“O BESOURO É UM FILME DE FANTASIA, NÃO SOBRE CAPOEIRA”, DIZ DIRETOR

João Daniel Tikhormiroff conta que se apaixonou por cinema ainda criança dentro das cabines de projeção, quando seu pai, Daniel Michael Tikhormiroff, era diretor da distribuidora Universal do Brasil. “Fiquei fascinado com o universo hitchcockiano”, conta ele, em entrevista exclusiva ao UOL, por telefone, direto de seu escritório no Rio de Janeiro. “Mas também aprendi muito na adolescência vendo [Ingmar] Bergman, [Federico] Fellini, [Jean-Luc] Godard, Alain Resnais e outros.”

Naturalmente, Tikhormiroff seguiu carreira no cinema. Atuou como assistente em vários filmes brasileiros, dirigiu curtas-metragens, fez um documentário e, quando estava para estrear como diretor de longas-metragens de ficção, o ex-presidente Fernando Collor extinguiu a Embrafilme. Depois de se dedicar à publicidade e viver na Espanha durante quase uma década, ele finalmente estreia na direção com “Besouro”, definido pelo próprio cineasta como “um filme de fantasia baseado nas lendas a respeito dO [lendário capoeirista] Besouro”.

Tikhormiroff diz que sua primeira inspiração foi o livro “Feijoada no Paraíso”, ficção inspirada no folclórico personagem da cultura brasileira, escrito pelo publicitário e cartunista carioca Marco Carvalho. “Claro que o livro me inspirou, mas também me atraiu a possibilidade de transformar essa história em algo original, com personalidade, nunca antes feito”, contou ele. A despeito dos esforços do cineasta, não há como afastar “Besouro” de filmes de ação, artes marciais e aventura, especialmente “O Tigre e o Dragão”, de Ang Lee.

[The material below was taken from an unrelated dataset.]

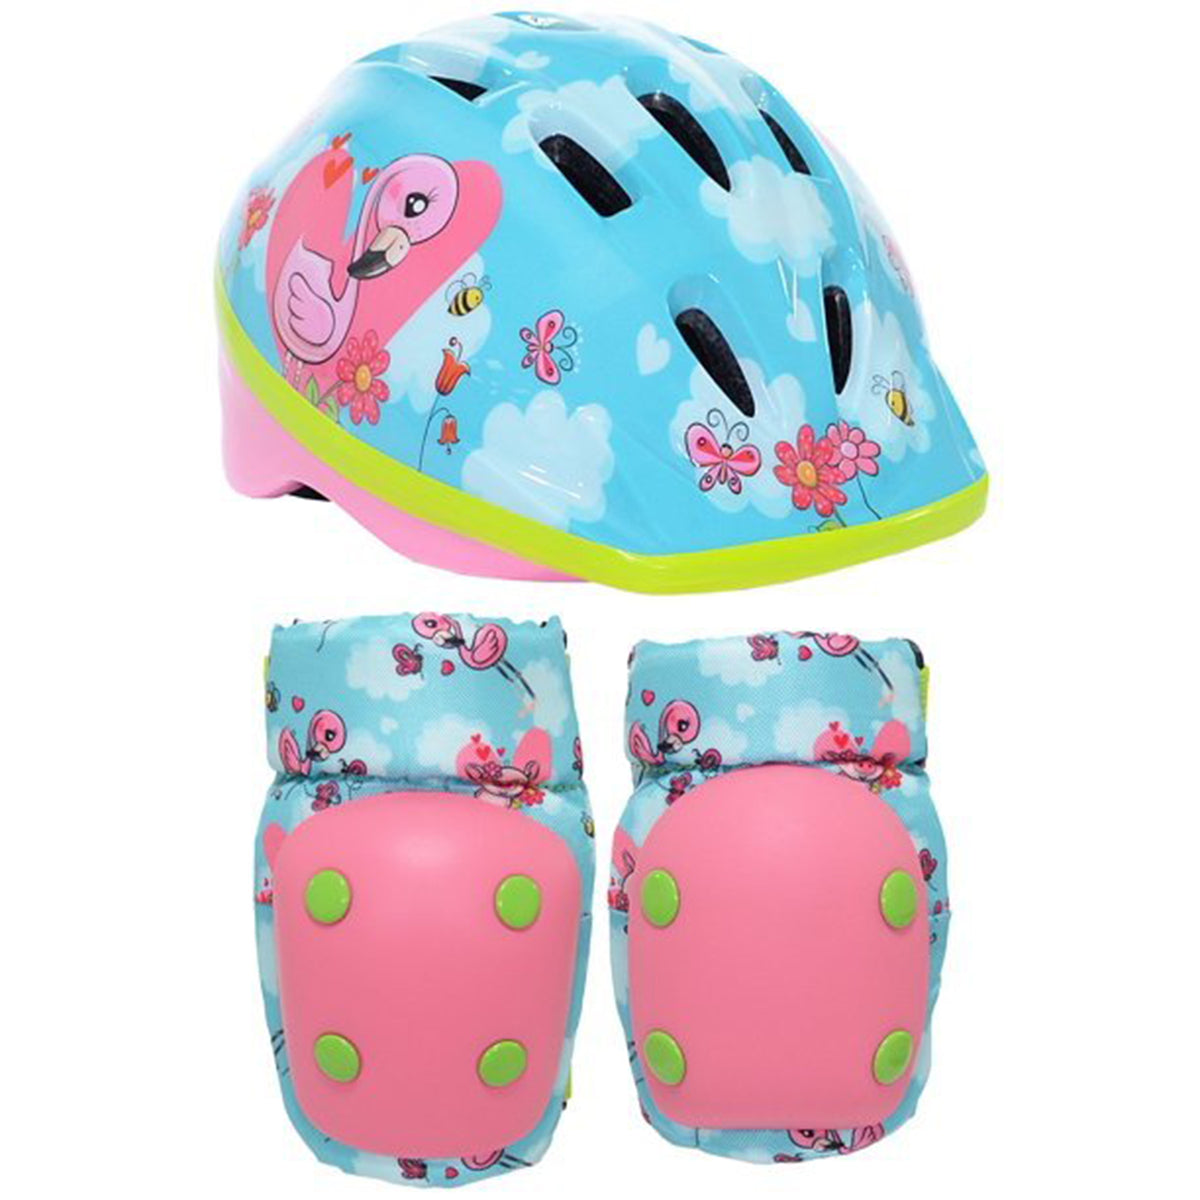 Kent Flamingo Pig Toddler Helmet & Pad Combo | Helmet & Pads for Kids Ages 1-3
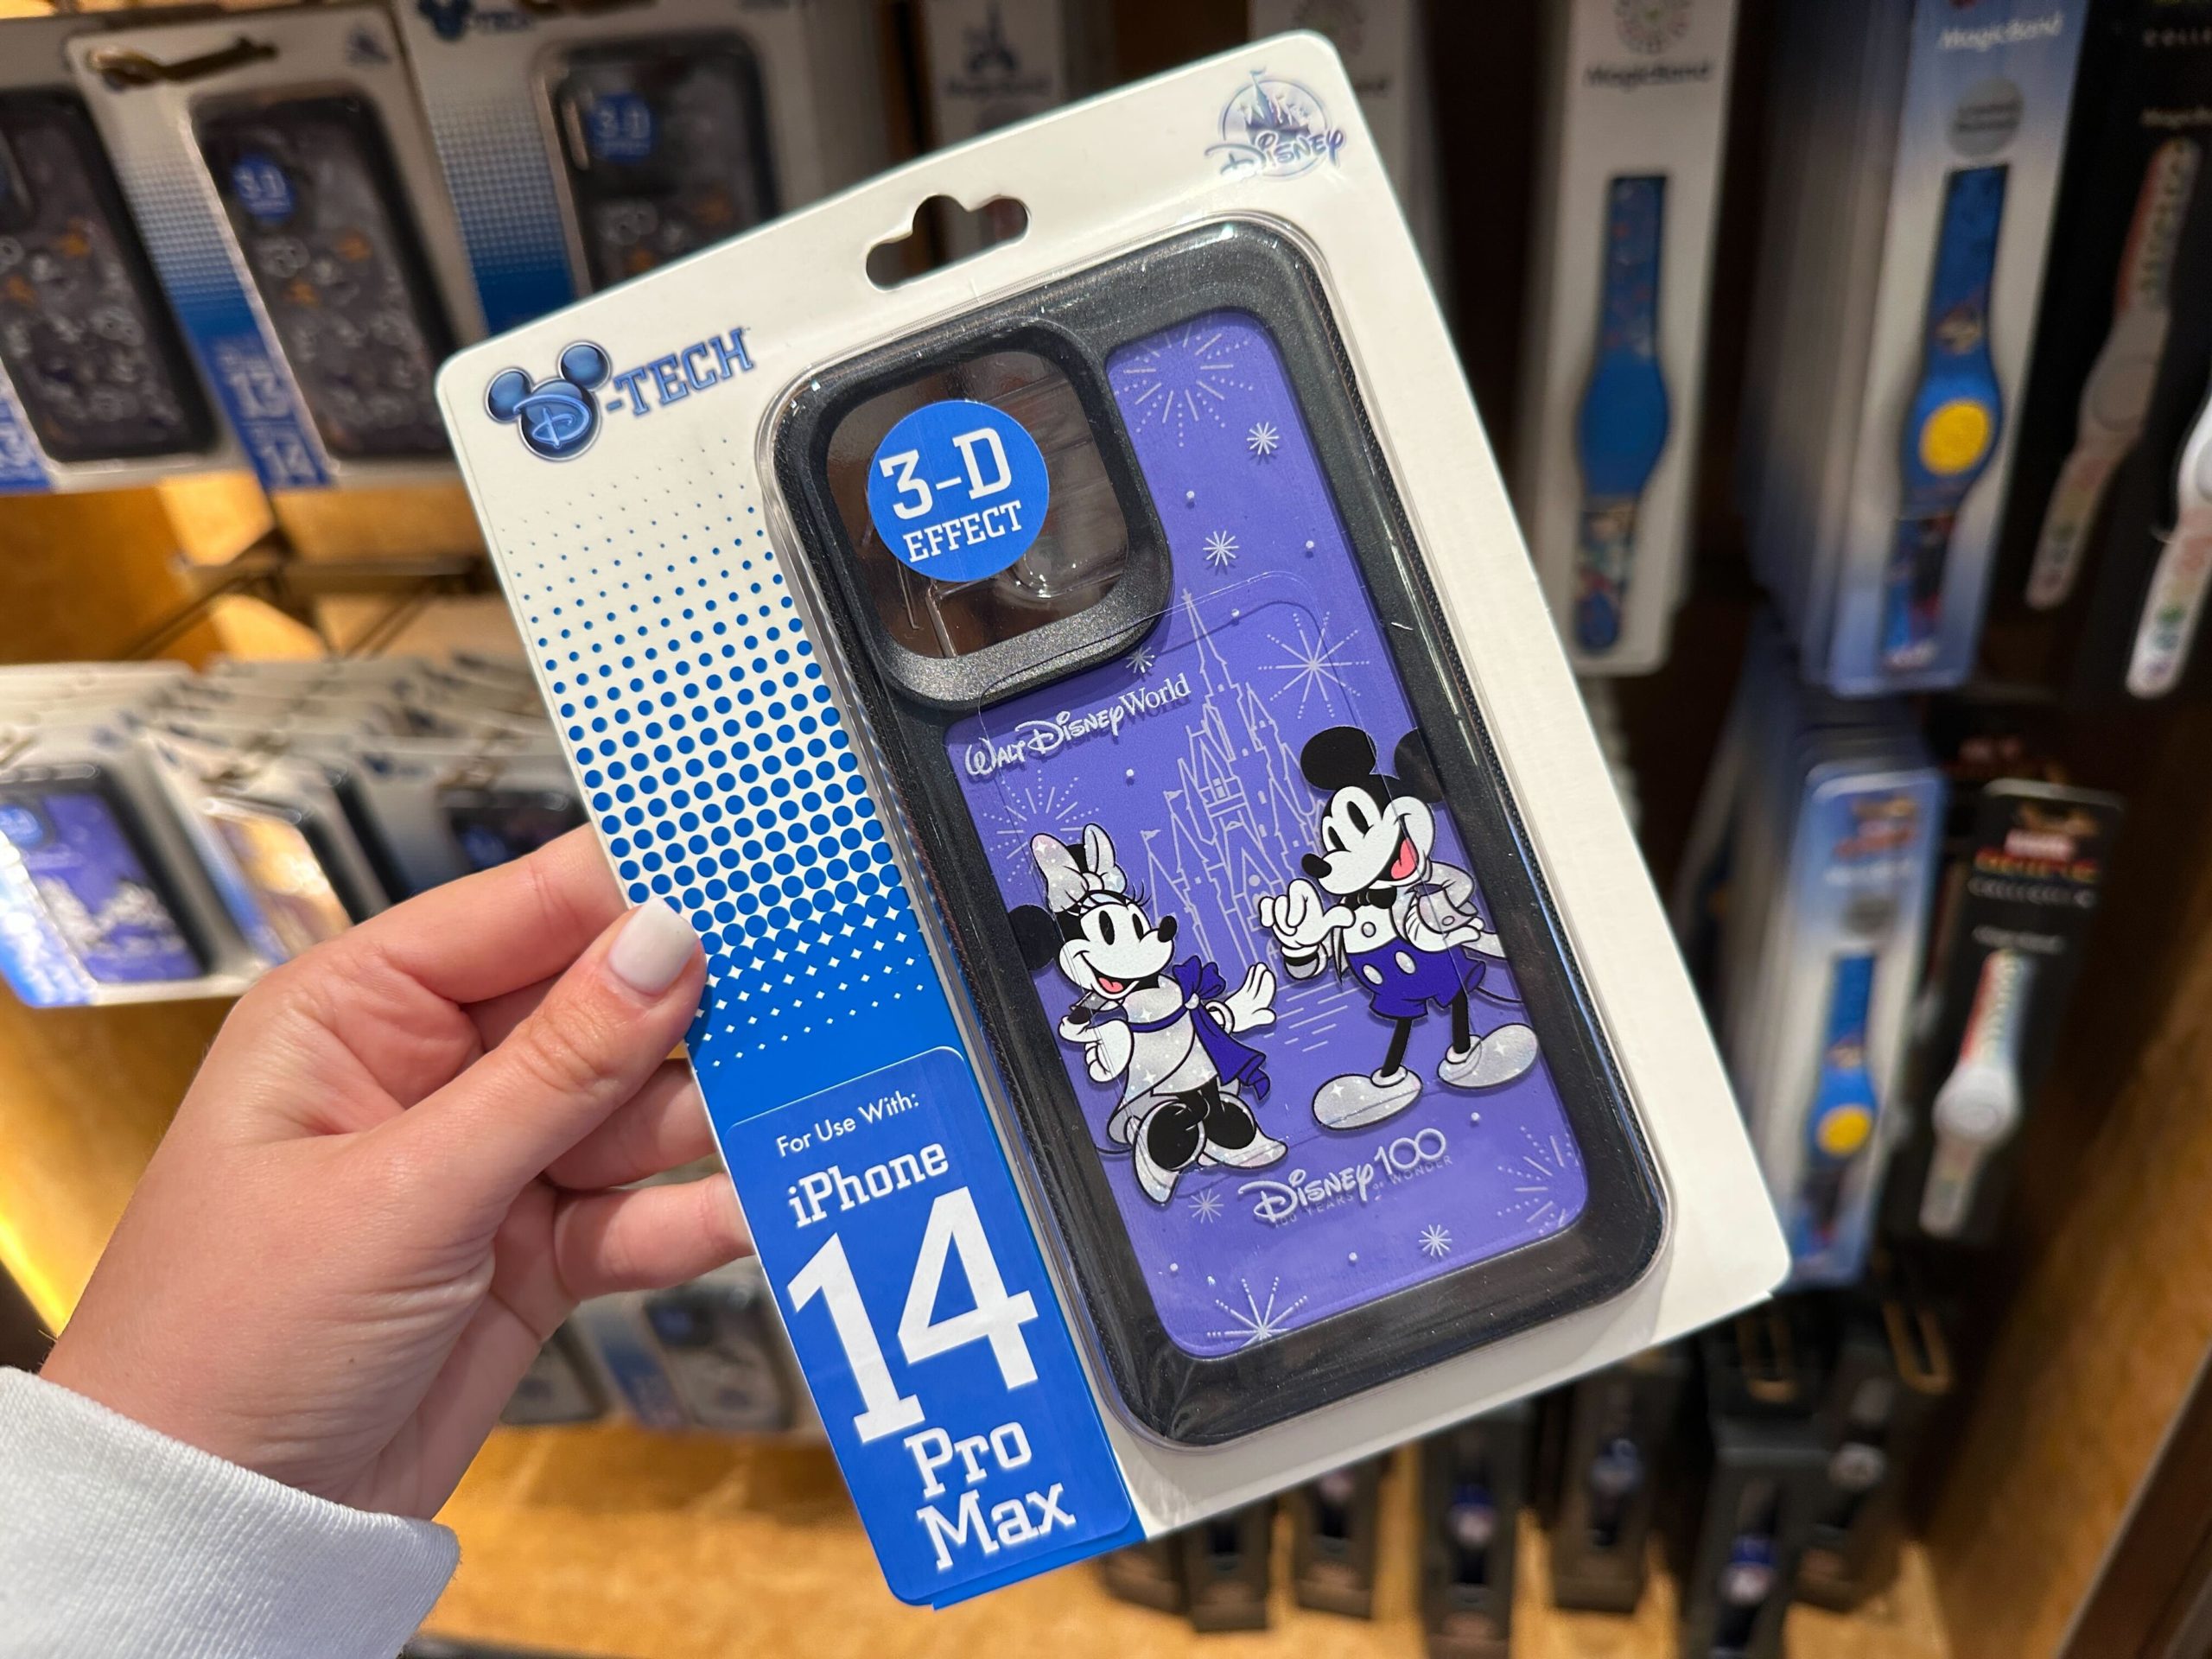 Disney100 Phone Cases Arrive at Disney World

O sucesso mundial de Lee foi, aliás, uma das referências apresentadas por Tikhormiroff à equipe e atores de “Besouro”. Na pequena Andaraí, vizinha a Igatu, na Chapada Diamantina, onde o filme foi rodado, o diretor fazia sessões com o objetivo de informar a equipe e os atores. Exibiu o faroeste “Os Indomáveis”, com Russel Crowe e Christian Bale, para exemplificar a química de amor e ódio que deve se estabelecer entre os capoeiras Besouro e Quero-Quero; “Sangue Negro”, com Daniel Day-Lewis, para mostrar como se constroi um personagem maquiavélico e também como referência de fotografia; “Kill Bill vols. 1 e 2”, de Quentin Tarantino, por conta das cenas de ação.

Entusiasmado com a repercussão antes mesmo da estreia, Tikhormiroff rejeita o rótulo de “filme popular” para “Besouro”. “Eu voltei para o Brasil motivado pela possibilidade de fazer esse filme”, disse ele. “”Queria contar essa história dessa maneira, queria falar de uma época em que aqui ainda tratavam os negros como escravos, em que a luta era tratada como dança ou jogo para driblar a legislação.”

Nas primeiras sessões feitas para amigos e conselheiros, Tikhormiroff recebeu opiniões muito encorajadoras. Segundo o diretor, Hector Babenco ficou surpreso com o risco que ele correu fazendo esse filme. Cacá Diegues, por sua vez, disse que o diretor inventou um novo gênero, por acaso muito original, com amplo apelo de público.

Não por acaso, “Besouro” entrou em cartaz no dia 30 de outubro, com 160 cópias distribuídas pelas principais capitais brasileiras. “É um sinal de que a distribuidora acredita no filme”, disse ele.